В понедельник я ушел из интерната без предупреждения, не задумываясь о последствиях. Мысль об отчислении, возможно, приходила мне в голову, но не задержалась. Мое место было рядом с Мариной. Мы ее хорошо устроили в ее комнате. Макет я поставил на подоконник. Тот собор был лучшим из всего, что я сделал за свою профессиональную карьеру. Мы круглосуточно сменяли друг друга у ее постели. Рохас сказал, что кончина будет тихой, без мучений. Как свеча догорит.
Марина еще никогда не была так прекрасна, как в те дни в Сарья. Волосы, платиновые, шелковые, отрастали еще красивее, чем раньше. Глаза снова стали сиять, странным, невиданным светом. Я почти не покидал ее комнаты, впитывая каждый час, каждую минуту, которые мне оставались. Часто мы сидели обнявшись, молча, неподвижно.

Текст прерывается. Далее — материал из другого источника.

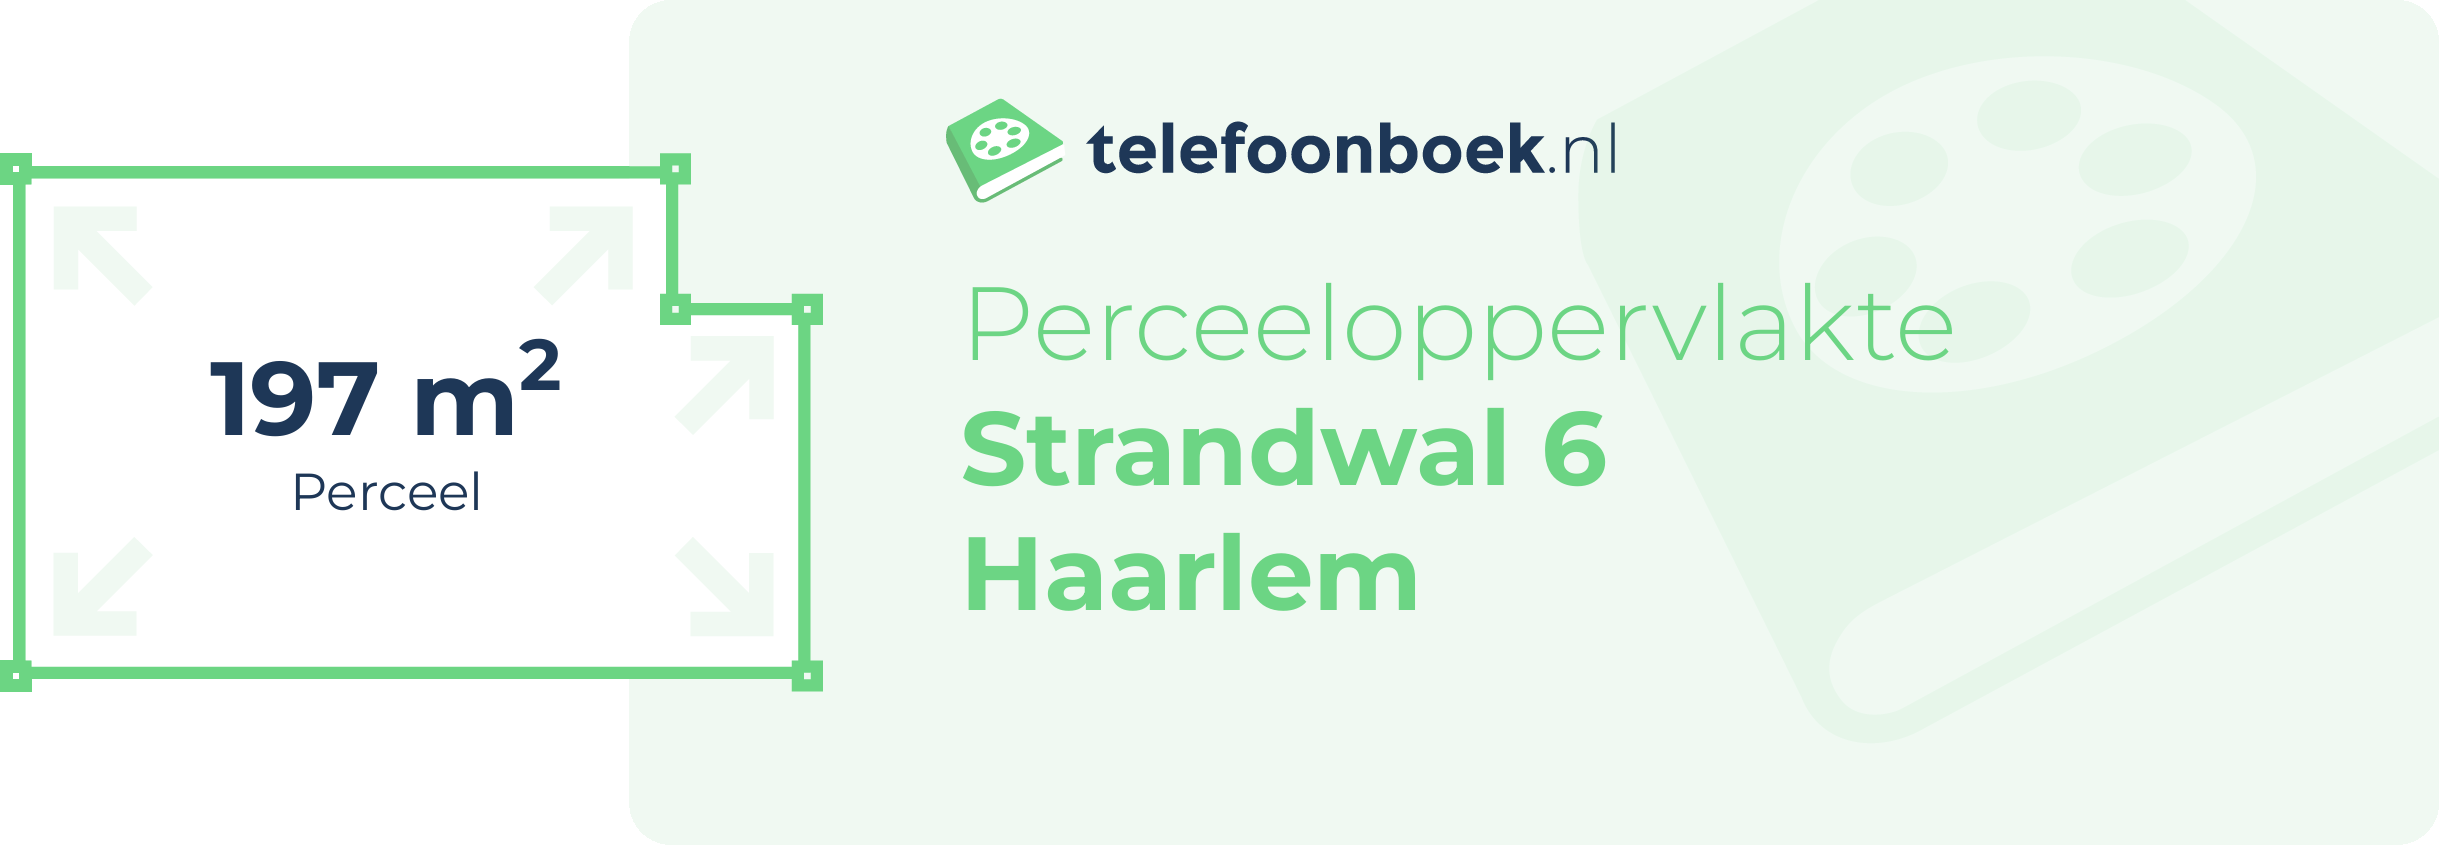 Perceeloppervlakte Strandwal 6 Haarlem

В один вечер – это был четверг – Марина обняла меня, поцеловала в губы и прошептала на ухо, что любила меня всегда, любит сейчас и будет любить вечно.

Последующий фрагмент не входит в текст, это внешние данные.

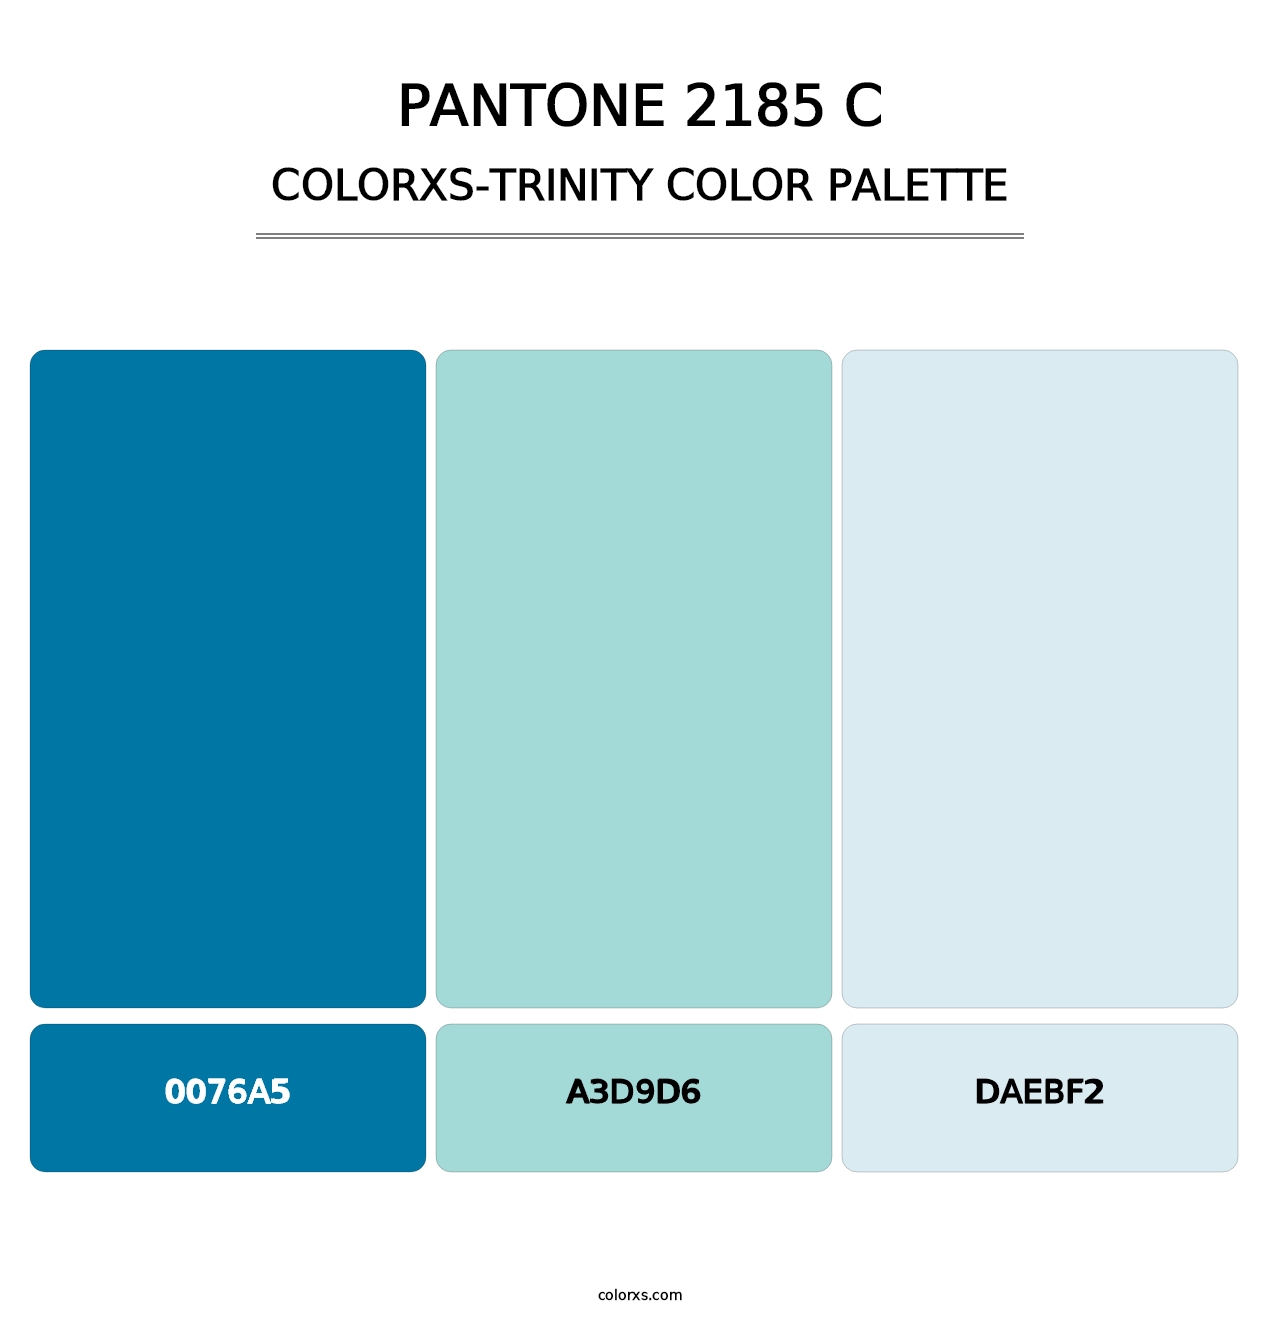 PANTONE 2185 C - Colorxs Trinity Palette

На рассвете она умерла. Тихо, как предсказал Рохас. Только сжала мне руку, улыбнулась отцу и навсегда закрыла свои сияющие прекрасные глаза.
Старый «такер» послужил Марине в последний раз. В молчании вел его Герман по дороге к маленькому пляжу в Сант-Фелиу, по той же дороге, что и раньше. Море сверкало на солнце так, словно приготовило для Марины прощальный праздник. Мы сошли вниз, к воде, и развеяли прах среди волн и сосен.
На обратном пути Герман сломался. Сгорбившись, он признался мне, что больше не в силах вести машину. Мы оставили «такер» под деревьями и пошли к станции электрички, путь к которой нам указали рыбаки. Когда мы подъезжали к Французскому вокзалу в Барселоне, шел шестой день с тех пор, как я исчез. За эти шесть дней я прожил шесть лет.
С Германом я попрощался на перроне взмахом руки. До сих пор не знаю, что с ним было дальше. Мы оба знали, что встречаться нам больше нельзя, потому что в глазах друг друга мы увидим Марину. Он уходил – тонкая нить в ткани времени. Спустя несколько часов вокзальный дежурный опознал меня как разыскиваемого и спросил:
– Вас зовут Оскар Драй?
Барселоны моей юности уж нет. Ее улицы, ее свет не существуют больше нигде, кроме моей памяти. Через пятнадцать лет после описываемых событий я вернулся в город и прошел по местам, которые, к своему удивлению, помнил до мелочей, хотя не вспоминал о них долгие годы. Старый особняк в Сарья снесли, и на месте старых маленьких улочек сейчас развязка окружной дороги. По ней мчатся сотни машин, олицетворяя собой прогресс, как принято думать, неизбежный. Старое кладбище осталось на том же месте, и зимой на него все так же спускается туман. На Пласа Сарья, у церкви, я присел на скамью, где мы так часто сидели вдвоем с Мариной. Вдалеке по-прежнему виднелся силуэт моей школы, но я не посмел войти на территорию и даже не приближался к ней: что-то мне говорило, что этого делать не надо, а то исчезнет последнее, что осталось от молодости. Время делает нас мудрее. И трусливее.